From memory, booze-raddled though mine is following twenty-odd years of underachievement, rancour and sloth, no-one got the answer, despite Mr Gardner pumping away annually at “James Bond”. For those retaining interest in the exhausted concept of 007, there was little else available at the time, but no-one in the Junior Common Room knew and, as with Alaska, no-one in the Junior Common Room cared. It was the year of Never Send Flowers, so possibly good judgment. A surprise, though, for a College one assumed to “read books”; there were at least five available, and it did spew out Aldous Huxley, Graham Greene, Richard Dawkins and me. Had it been (cover your ears, dearest) St Catherine’s or the oar-headed roiders of Oriel, where they use books for bench-pressing, and eating, one could understand it, with sympathy for the wretchedness of their fate.

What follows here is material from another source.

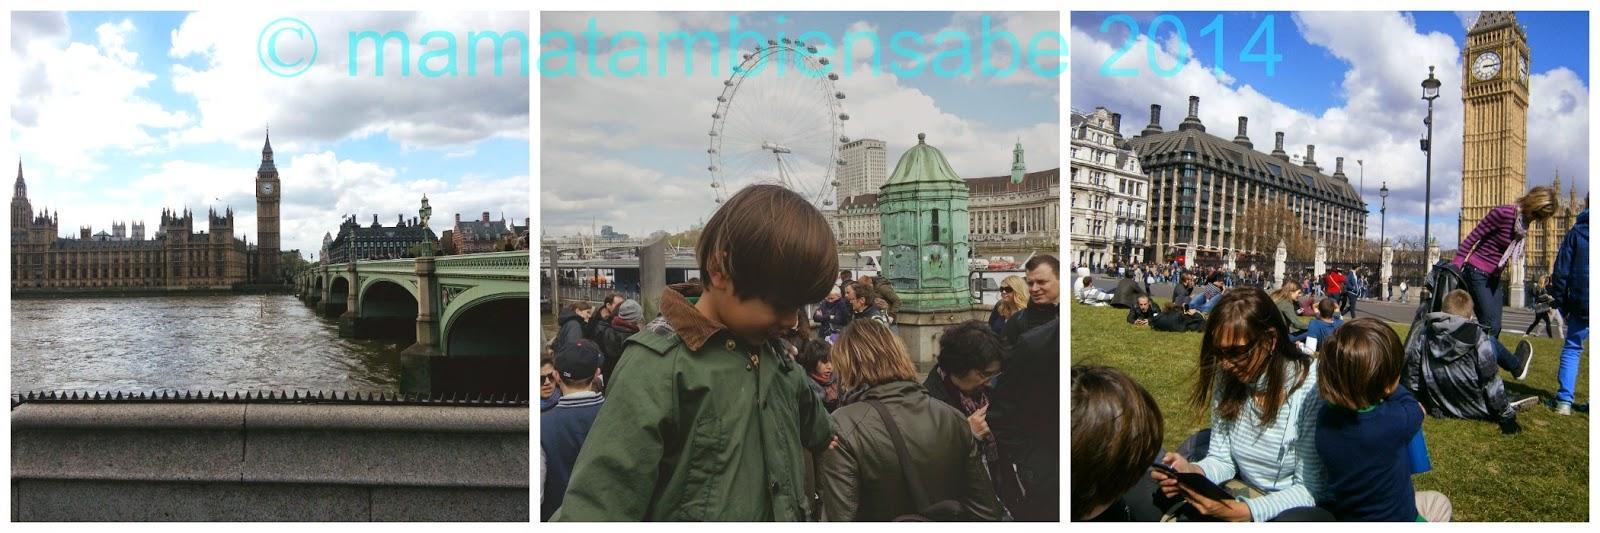 Londres embankment

Time’s winged chariot having now spun off into a drainage ditch, I’ve concluded that the collegiate knowledge mustered three categories. Firstly, ignorance of James Bond. Minimal representation, but some students were weird. Secondly, 007 was beneath them, so other students were weirder. Thirdly, the Gardner books weren’t accepted even by those who liked Bond. One understands; several contemporaries were very bright chapesses whose reading was limited to the more clicky-clicky-Geiger depths of the periodic table and now earn millions making weapons in sordid places (Maryland). However, each specie of the attitude is sniffy. Could the views be limited to our oasis of academe and underwashed bedding? Was our (law-of-averages justifiable) superiority shielding us from reality, that “outside” in a world of supermarkets, petrol stations and “jobs”, in Dross-Head Land, these books were redefining James Bond for everyone else?
No.
A benefit of the internet is that one can visit Dross-Head Land from the comfort of one’s over-upholstered body without having to scuttle terrified through places that stink of malt vinegar, breadcrumbs, intellectual undernourishment, despair and fighting i.e. anywhere outwith a six-foot radius of me. The things one learns of one’s fellow man – and, if Mrs Jim is out and I remember to delete the browsing history, one’s fellow woman – give the lie to the web facilitating a desire for commonality and wonders of mutual discovery. The stuff I see, read (…and type) makes me barricade m’door and hide under m’desk, trembling and lacrimose. O brave new world! That it has such people in it! Nuke ‘em. The zombie plague has started, my loves, and we’re all infected. Still, it establishes easily-manipulated assertions as norms and I can say with all the authority afforded by typing rot whilst spit-flecked-of-face, that twenty-n years on, those three categories above persist.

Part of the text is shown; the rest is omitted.